Site yönetiminden olduğunu iddia eden bir emlakçı, bizi görür görmez yanımıza yaklaşıyor, “Kaç metrekare bakıyorsunuz?’’ diye sorup kartını uzatıyor. Kartta şirketin bilgileri önde Türkçe, arkada Arapça. Yabancıların kira sözleşmesi imzalayarak oturma izni alabileceklerini anlatan emlakçı, “Elektriğini suyunu ben üstüme alıyorum veya ev sahibi alıyor. İki aylık depozito bırakıyorlar. Oturma izni alanlar sonra isterlerse elektriği suyu kendi üzerlerine alıyor’’ diyor.
Fiyatları soruyoruz, “80 metre daire 1250 lira artı 200 küsür aidat. Çok düşünmeyin, şu sıra tuttunuz tuttunuz. İlk aylarda 80 metrekareyi 1100 artı 250 lira aidat verip tutabilirdiniz. Site dolmaya başladı, birkaç aya 1800’e bile bulamazsınız’’ diyor. İsteyenlere 1 aylık da daire kiralayabileceklerini, bu durumda kiranın 100-200 lira daha fazla olacağını söylüyor. Ayrılırken “Ben hep buradayım’’ demeyi ihmal etmiyor.

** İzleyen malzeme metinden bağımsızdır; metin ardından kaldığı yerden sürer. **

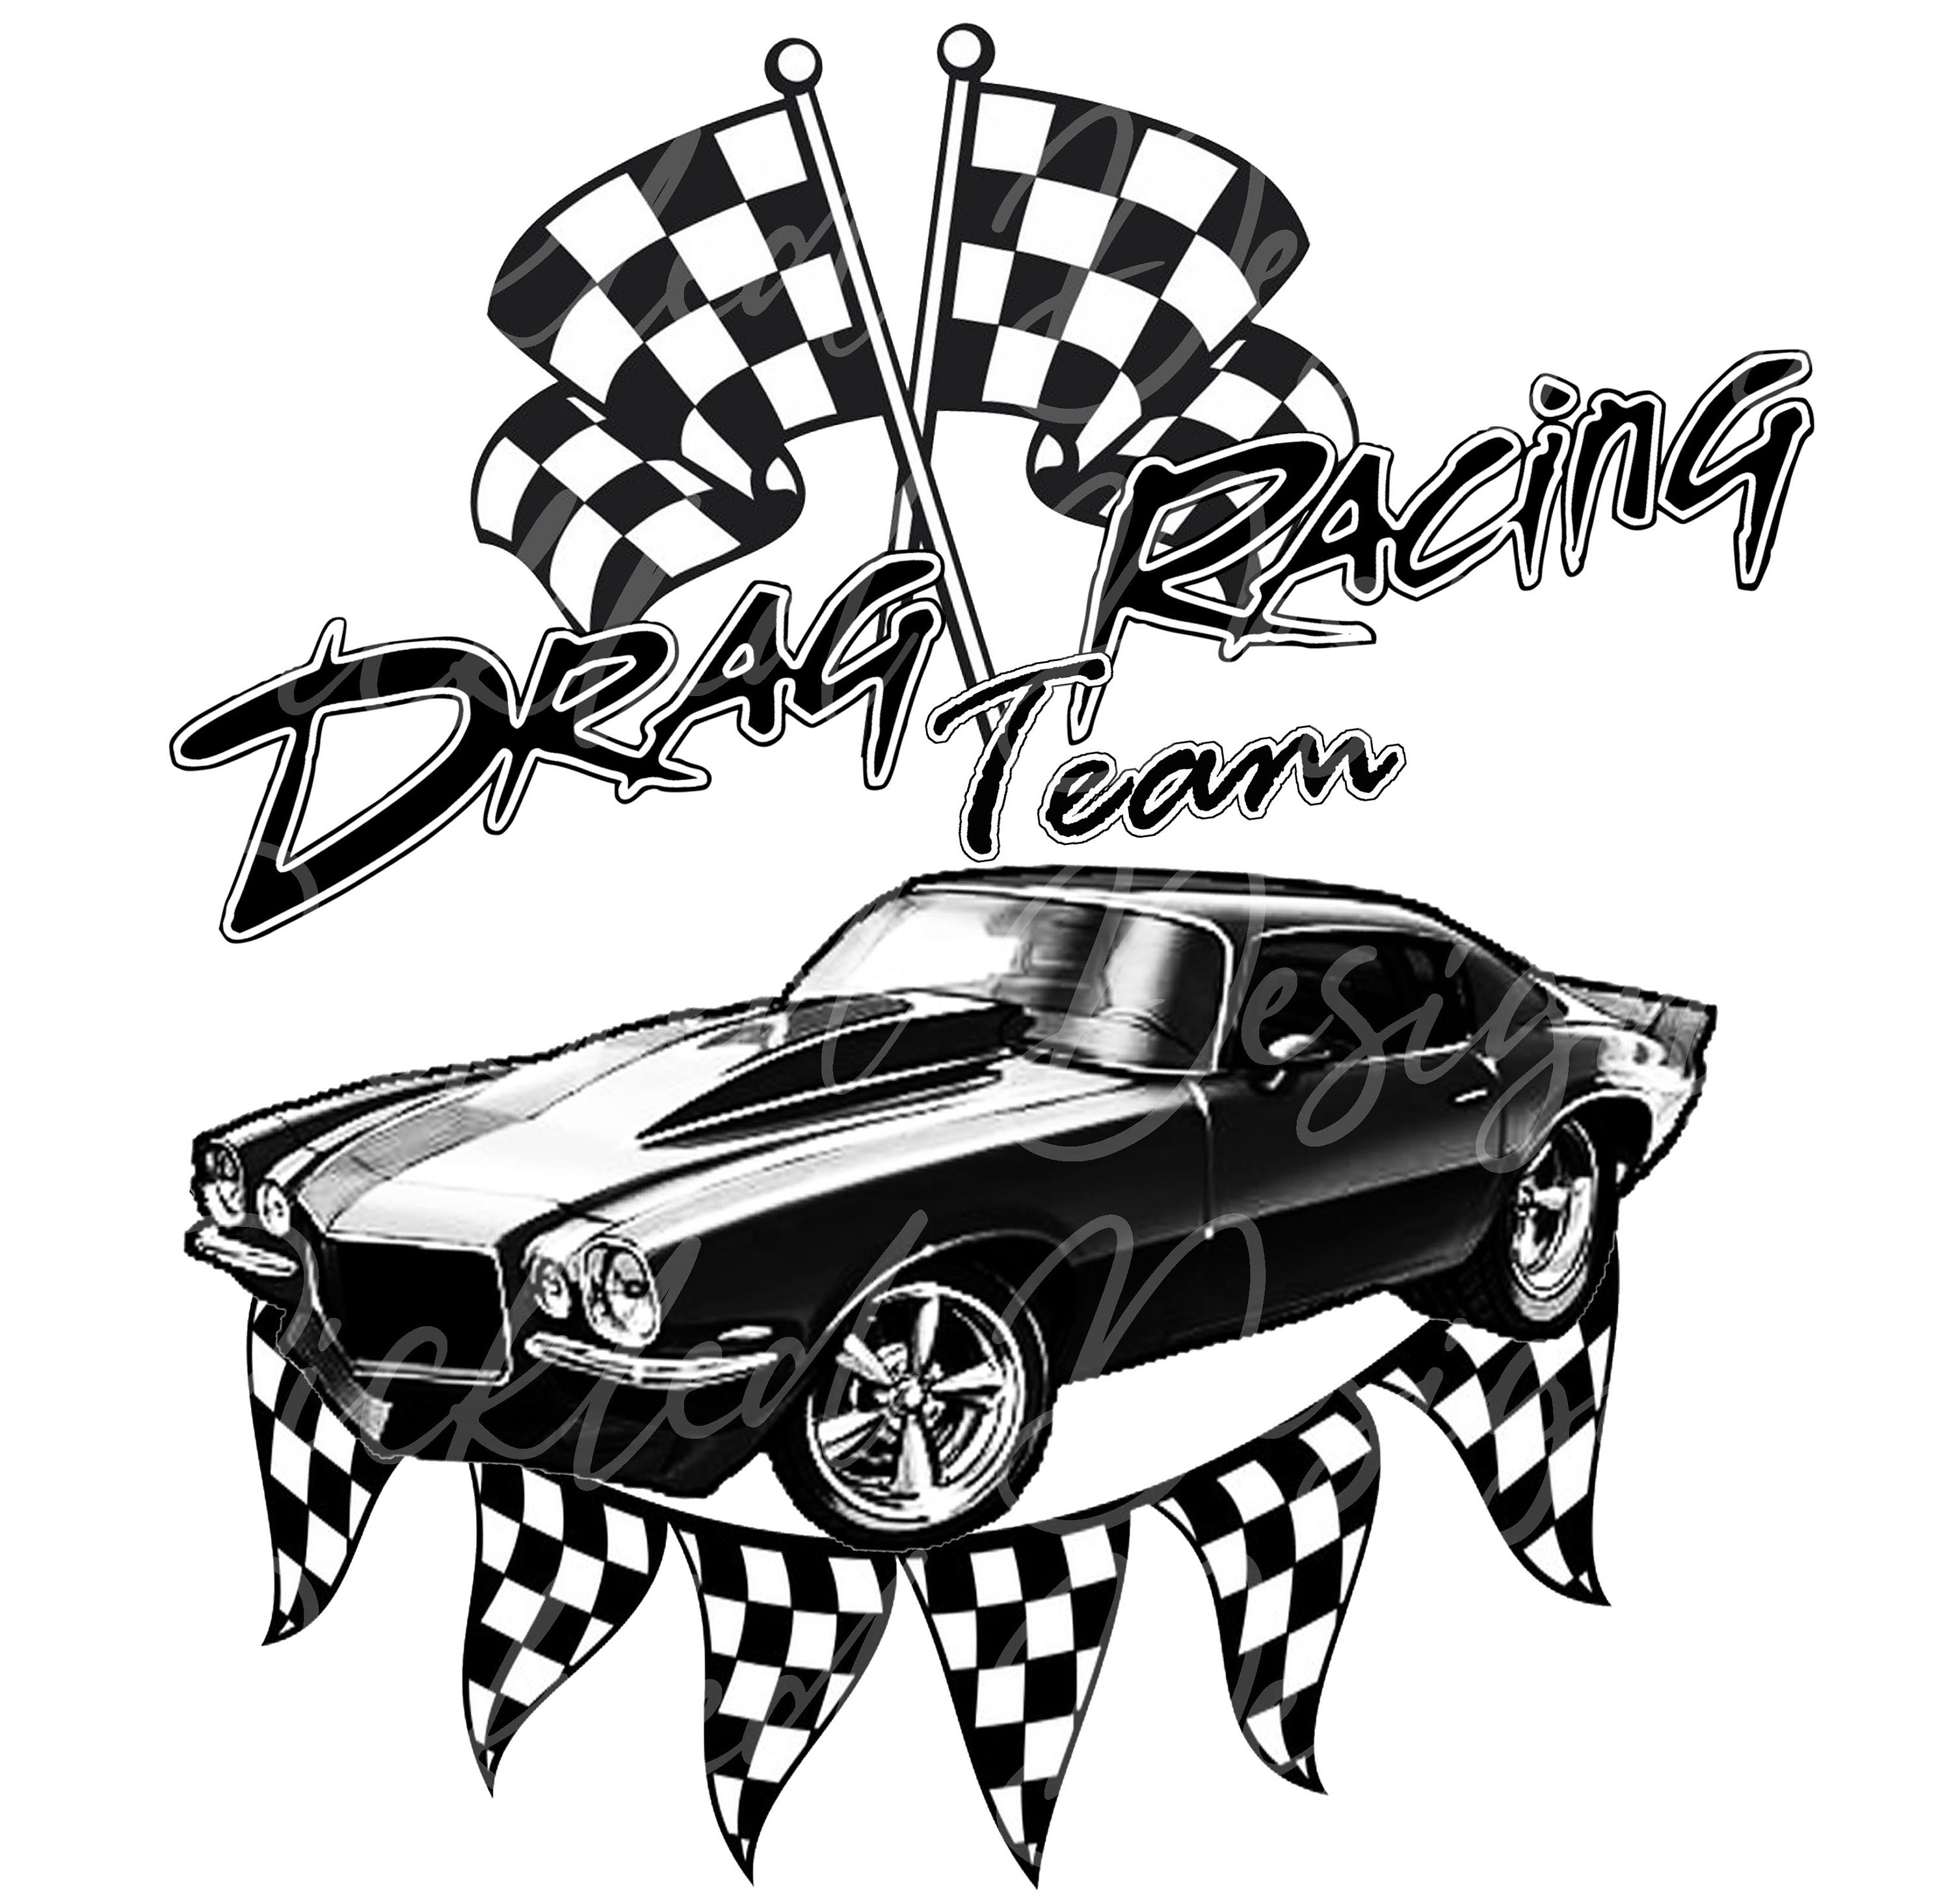 Download 72 Camaro DRAG RACING Design for Decals Race Car | Etsy

‘Kiracım Yemenli ortağı Kuveytli’
Site göçmenlerle biraz olsun hareketlenmiş ama dairelerin çoğu hâlâ boş. Yollar kazılıyor, birçok yerde inşaat devam ediyor. Üç pencereden birinde satılık-kiralık ilanı var.
Borçlarını ödeyemediği için dairesini kiraya vermek zorunda kalan eski Sulukuleli 70 yaşındaki İsmail Gani, ‘‘Yemen’den gelen bir profesör, burada bir ilaç fabrikasında satış mümessili’’ diyerek kiracısından övünerek bahsediyor. Dairede Yemenli kiracısı ve Kuveytli ortağıyla tanışıyoruz, “3 yıldır İstanbul ’a gidip geliyoruz iş için. Sulukule sessiz, sakin bir yer. Ulaşımı kolay, her yere yakın. Bir senelik sözleşme imzaladık, ayda aidat dahil 1500 lira ödüyoruz, memnunuz’’ diyor.
Sulukule’de 3 katlı evi yıkılan ve 925 liralık emekli maaşıyla geçinen İsmail Gani dairelerinden birini ‘Yemenli Profesör’e kiraya vermesine rağmen diğer ikisi için 15 sene boyunca ayda en azından 800 lira borç artı aidat (şu anda 250 lira) vermek zorunda. Gani, “Sürekli borca batıyoruz. 6 ayda bir de memur zammı yüzünden borcumuz arttırılıyor. Torunlarıma borç bırakıyorum’’ diye yakınıyor.
Göçmen ailelerin çocukları sokaklarda koşuşturuyor, sitenin yanındaki çim sahada top oynuyor, komşuların çocuklarıyla aynı dili konuşamasa da iletişim kurmaya çalışıyor. Sulukule’de evleri yıkılan bir çocuk, salıncakta yeni arkadaşlarını göstererek anlatıyor: “İki hafta önce taşındılar, Suriye’den kaçmışlar. Türkçe bilmiyorlar.’’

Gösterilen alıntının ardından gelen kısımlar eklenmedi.